Former Hanover director Mark Hotchin has had all his New Zealand assets frozen, after the Securities Commission applied to the High Court at Auckland.

The application was granted without notice to Hotchin last Friday, December 10.

A statement from the Securities Commission says that Hotchin intends to apply to revoke the orders and a hearing is expected in February.

"The action was taken under sections 60G and 60H of the Securities Act with a view to ultimately freezing sufficient property and assets of Mark Hotchin to meet any civil claims that may be brought by investors.

Any such claims would relate to those who invested in Hanover Finance, Hanover Capital and United Finance on the basis of any disclosure documents that are proved to have included untrue statements.

A commission investigation into Hanover has not concluded and the commission said the move to freeze the assets was in no way indicative of civil or criminal liability.

In a statement Mr Hotchin said that although the commission had previously advised the media that it intended to complete its investigation before Christmas, he was only provided with limited details of the scope of the investigation on December 7.

Hotchin's lawyers requested a more reasonable time for a response, and the commission has agreed to extend the time frame for providing that until the end of January.

Securities Commission Chairman Jane Diplock said: "The Commission decided to take this action against Mr Hotchin after deciding it was in the public interest to do so, enabling us to preserve assets from being sold or transferred".

The commission said this was a preventive measure and was "no way indicative of civil or criminal liability or of the Commission's views in that regard."

A power to seek such orders was introduced into the Securities Act in October 2006.

Freezing orders have not been made against any other director or former director of any member of the Hanover group.

The Securities Commission earlier said it had nearly completed an investigation into Hanover and might lay criminal charges against directors in the new year.

The commission said given public and media speculation, it was in the public interest for it to clarify the status of its investigation into Hanover Finance.

"The investigation has been complex and involves a team including investigators, forensic accountants, financial analysts and lawyers. Commission Members, who have been kept informed of progress of the investigation, will meet before Christmas to decide whether criminal charges will be laid against directors of the companies."

"Although no decision has yet been made, it is likely any charges will be laid in the new year."

Property financier Hanover froze $554 million owed to 16,500 investors in 2008. Investors' subsequently approved a moratorium proposal that pledged to pay them back over five years.

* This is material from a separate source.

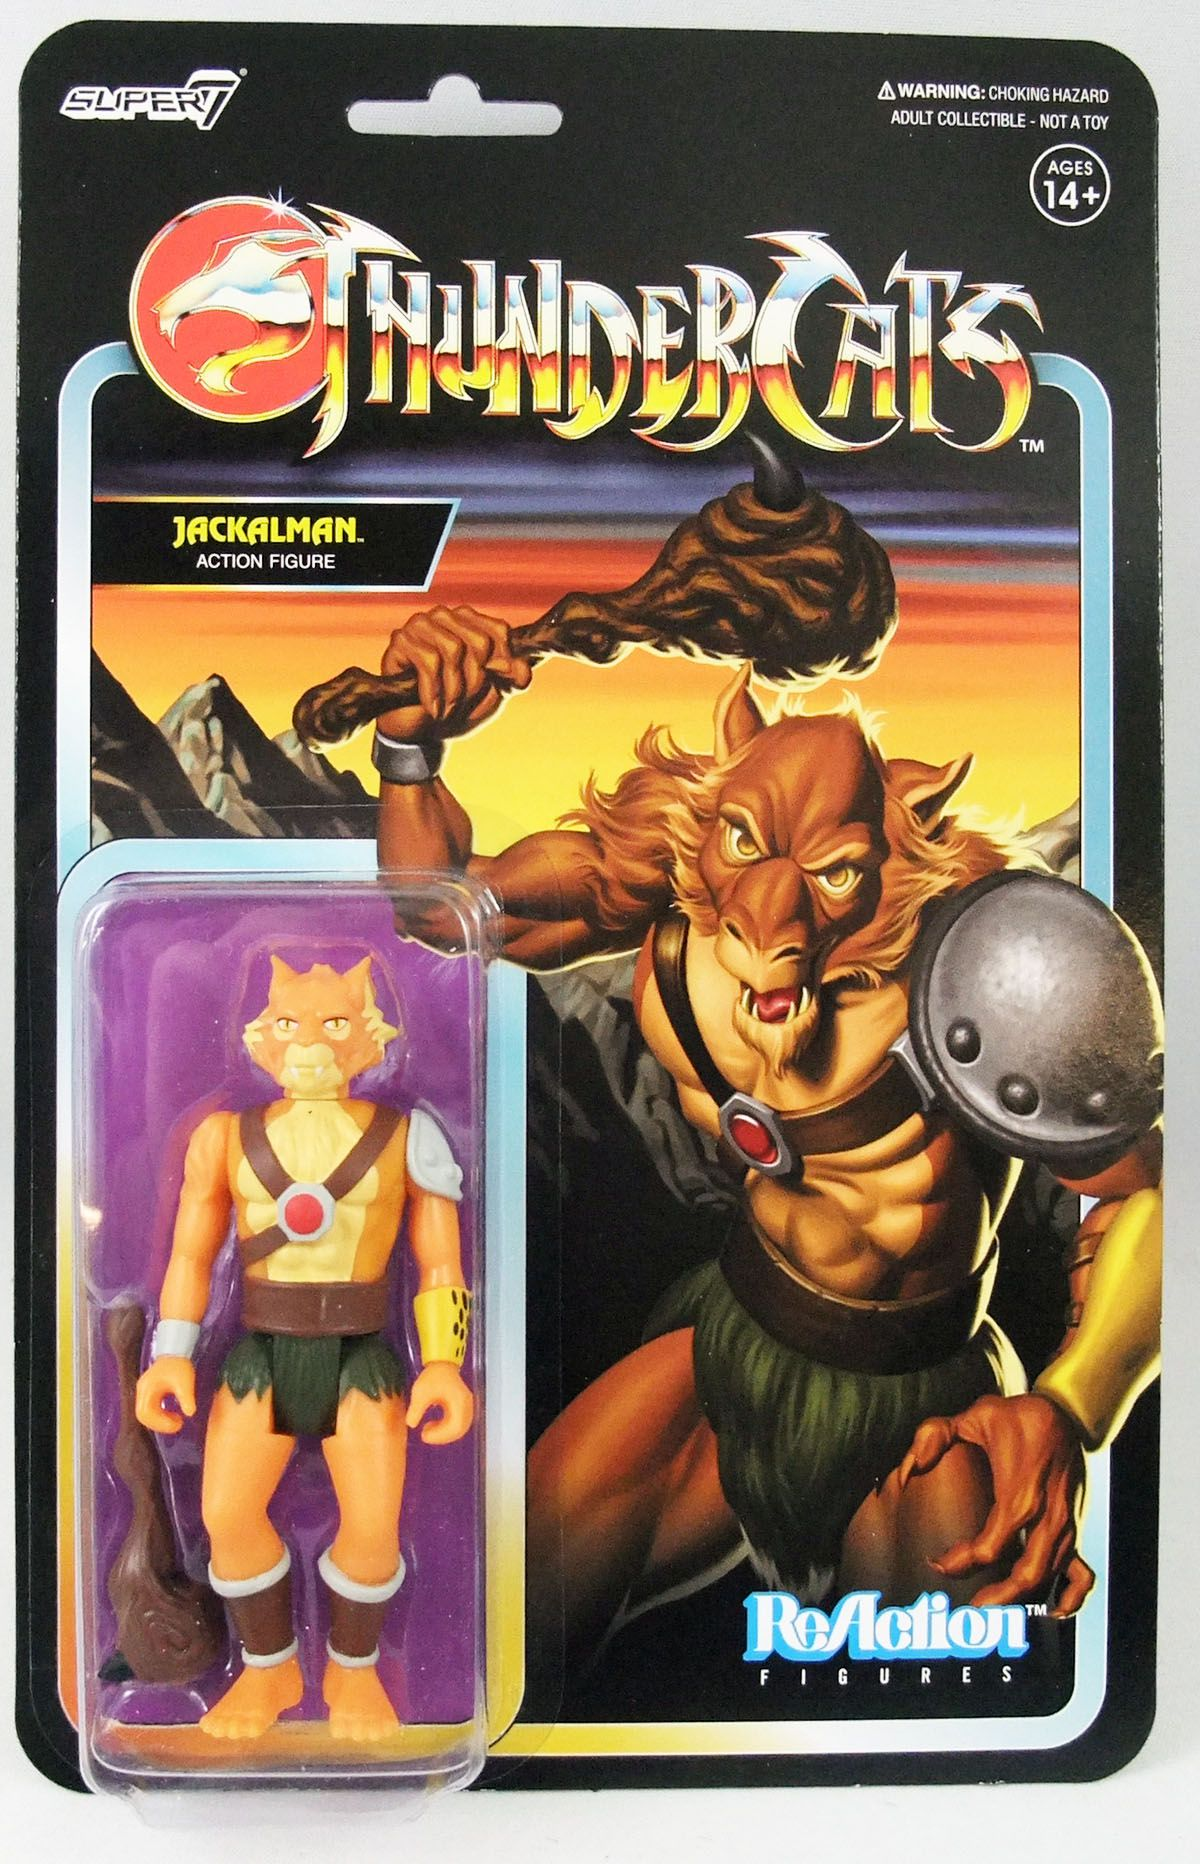 Thundercats - Super7 ReAction Figures - Jackalman
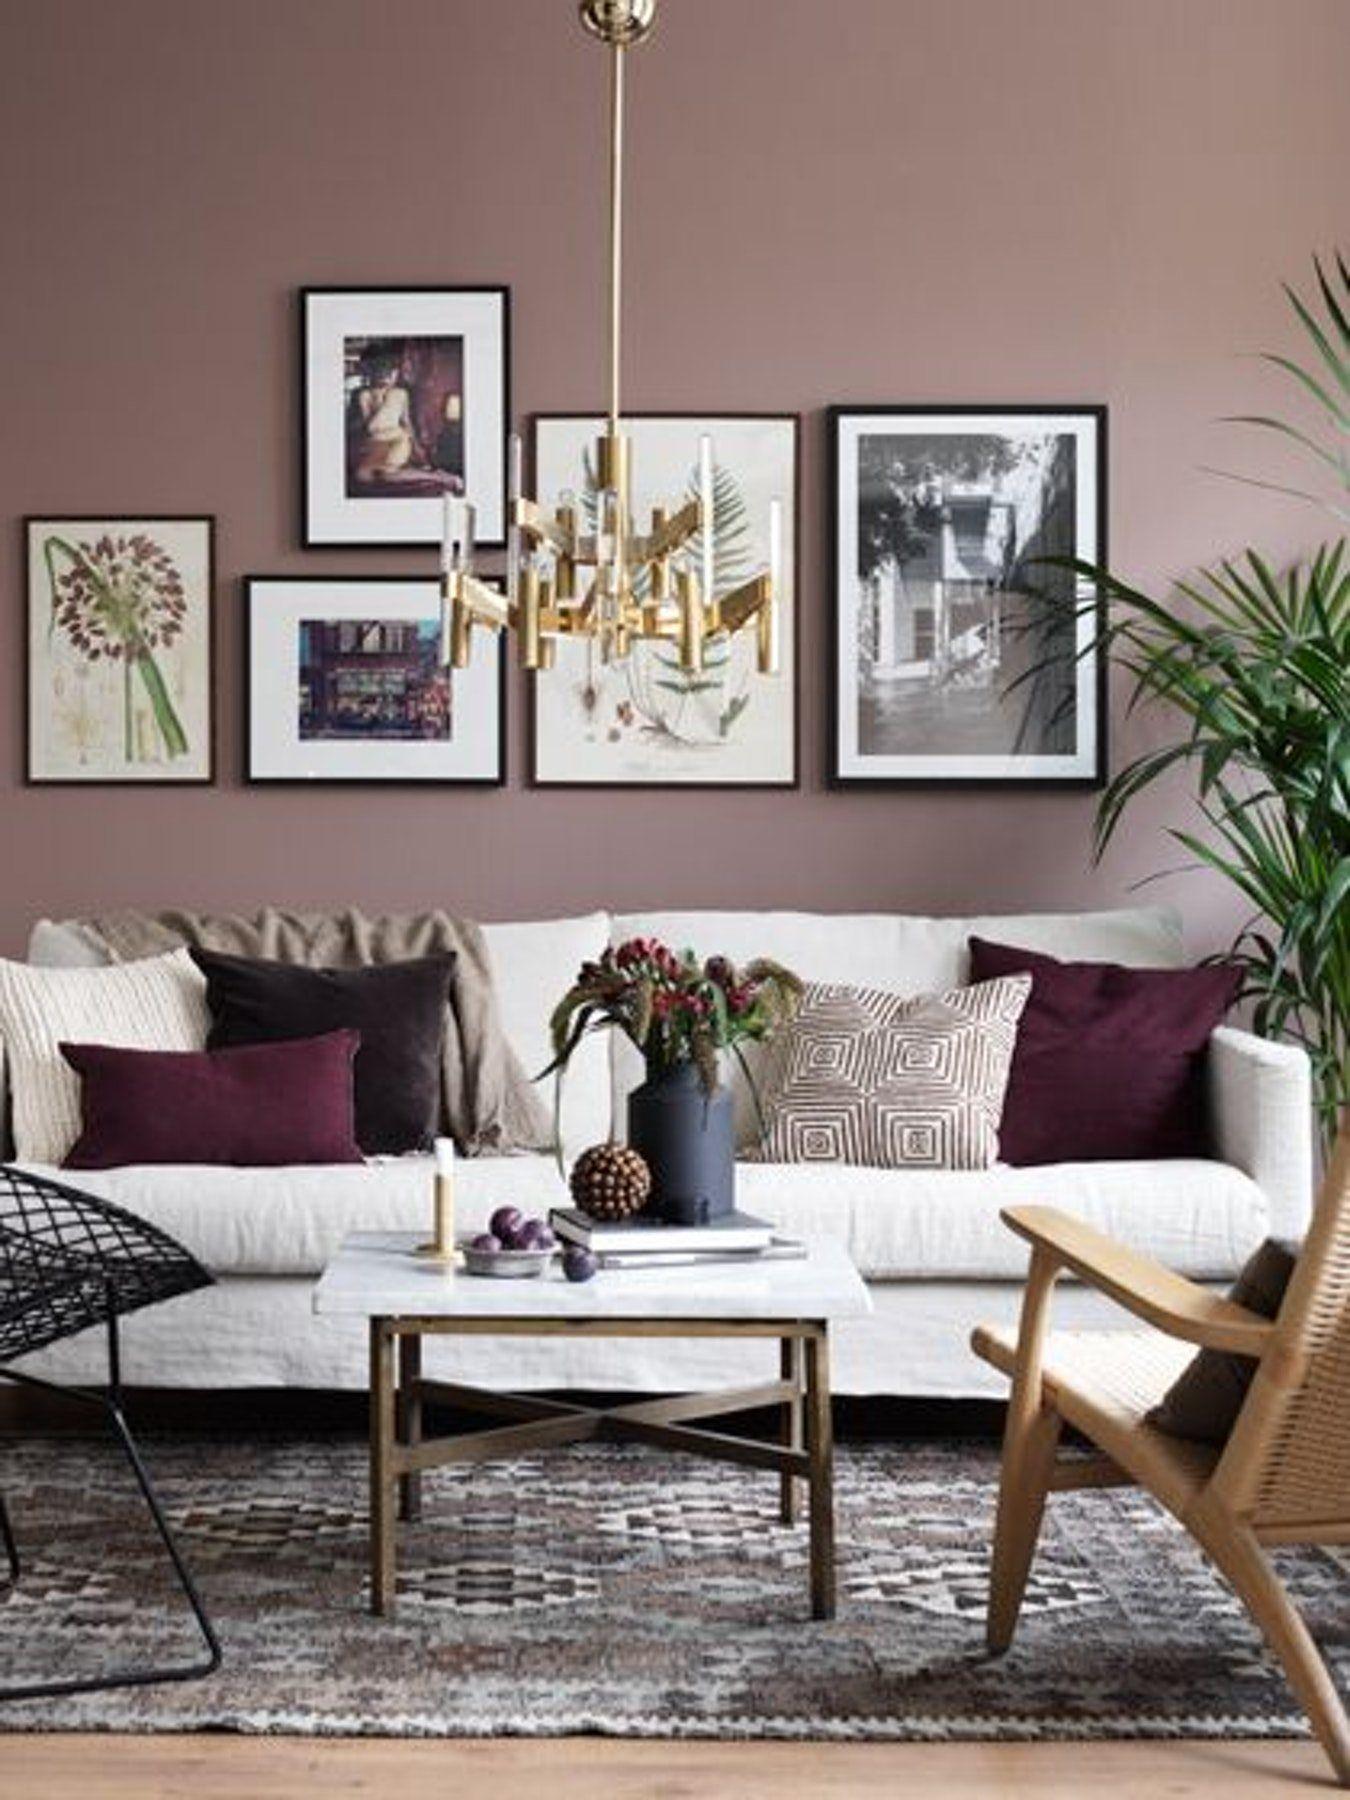 Living Room Color Schemes Burgundy Couch Framed Art Dusty Pink Design Ideas Pinterest Aubergine Decor Graceful

Then a year later, in December 2009, Hanover investors agreed to swap their Hanover debentures for shares in Allied Farmers.

Hotchin sold his Parnell pad for about $4 million this year and currently has a $30 million Paritai Drive mansion on the market.

It boasts a 12-car garage, seven bedrooms, car wash and wine cellar.

The Serious Fraud Office is also looking into the affairs of Hanover.

SFO chief executive Adam Feeley said his organisation had been conducting an investigation into Hanover which had reached a point where reasonable grounds existed to believe that fraud may have been committed.

"Given the intense public interest and media speculation, it has not been appropriate to make any public comment on this matter until we had a detailed understanding of the issues involved, and the entities and individuals behind the Hanover operation," he said in late November.

"We have undertaken extensive preparatory work and are now in a position to move into a more active phase of the investigation."

The scale of the Hanover collapse was such that it was not feasible for the office to investigate all aspects of its failure, Feeley said, so the probe was focusing on some very particular transactions and specific individuals within Hanover management and board.

Feeley said the office would be interviewing a small group of key Hanover staff and professional advisers to seek explanations of those key transactions.

"The interest in Hanover is such that it is in the interests of all parties to ensure it is carried out with the utmost professionalism and urgency. In addition to a large internal team, and collaboration with the Securities Commission and Registrar of Companies, we have engaged a number of New Zealand's senior legal counsel and leading forensic accountants to assist us," he said.

* The SFO said more than 30 former staff, advisers and directors of Hanover would be questioned.

* Former Hanover directors and executives include: Mark Hotchin, Greg Muir, David Henry, Sir Tipene O'Regan, Bruce Gordon and Sam Stubbs.

* The SFO would look closely at transactions made before the moratorium, including dividend payments to shareholders Eric Watson and Mark Hotchin.